The principal issue was Johnson's loss of support within the majority congressional party. Almost all Republicans agreed that Johnson was totally unfit for office. Republicans felt that Johnson had disgraced the government and the party and abdicated the moral high ground that the Union and Republicans had won in the war.
But these were not clearly impeachable offenses, and this uncertainty worked in the President’s favor. Also, because no vice president had been elected after Johnson's ascent to the presidency, his successor would have been Benjamin Wade, president pro tem of the Senate, an extreme radical on Reconstruction and a soft-money, pro-labor politician feared by many Northern businessmen. With Senator Wade in the wings, many Johnson opponents were hesitant about voting to convict, especially those who thought that if Wade assumed the presidency, he might try for the nomination in 1868, thus blocking General Grant. Also, Chief Justice Chase refused to allow deviation from the charges to discuss or include broader issues of policy.
Many Senate Republicans had decided to make it a close vote but not a conviction.
In the end, the seven Republicans who voted to acquit—most of them supporters of Grant—were silently supported by their moderate party colleagues. Many Senate Republicans had decided to make it a close vote but not a conviction, especially once it became clear that if Johnson was acquitted, he was prepared to cease his obstructionist ways for the rest of his term and stop his interference with Reconstruction and with the military commanders and the War Department.
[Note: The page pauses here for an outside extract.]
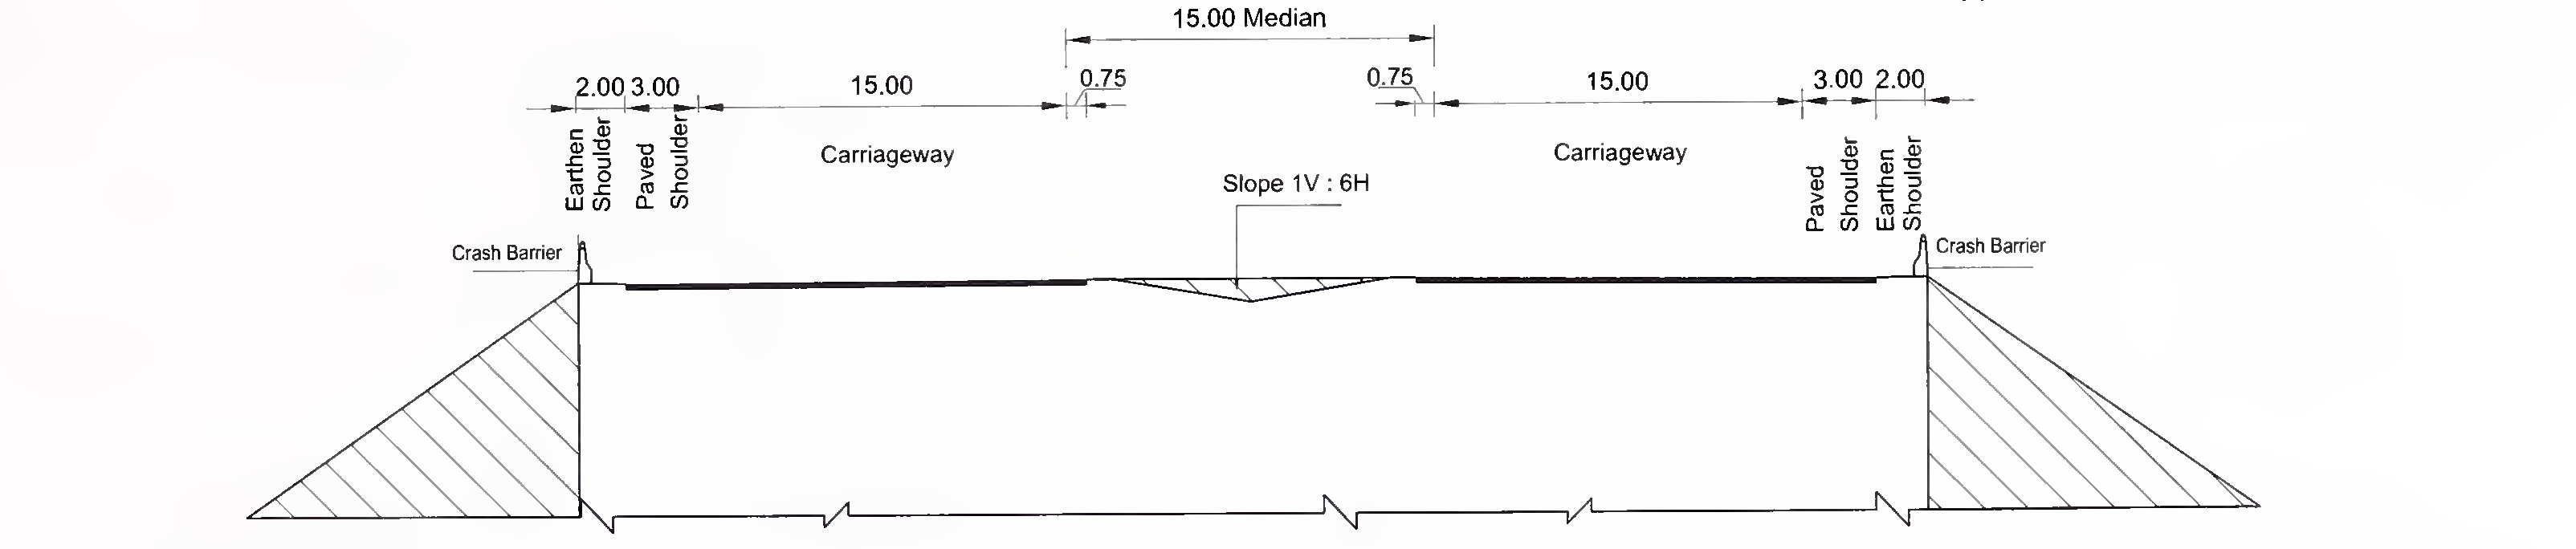 படம் 6.3 (இ) 8-லேன் (2 × 4) எக்ஸ்பிரஸ்வேயில் ஸ்லாப் மற்றும் பெட்டி வகை கல்வெட்டின் வழக்கமான குறுக்குவெட்டு

The final vote maintained the principle that Congress should not remove the President from office simply because its members disagreed with him over policy, style, and administration of office. But it did not mean that the President retained governing power. For the rest of his term, Johnson was a cipher without influence on public policy. Moreover, between his presidency and the turn of the century, a "weak presidency" system of governance was instituted, one which Woodrow Wilson referred to in the 1870s as "Congressional Government" because after the Johnson collapse, the country was really run by congressional committee leaders and cabinet secretaries.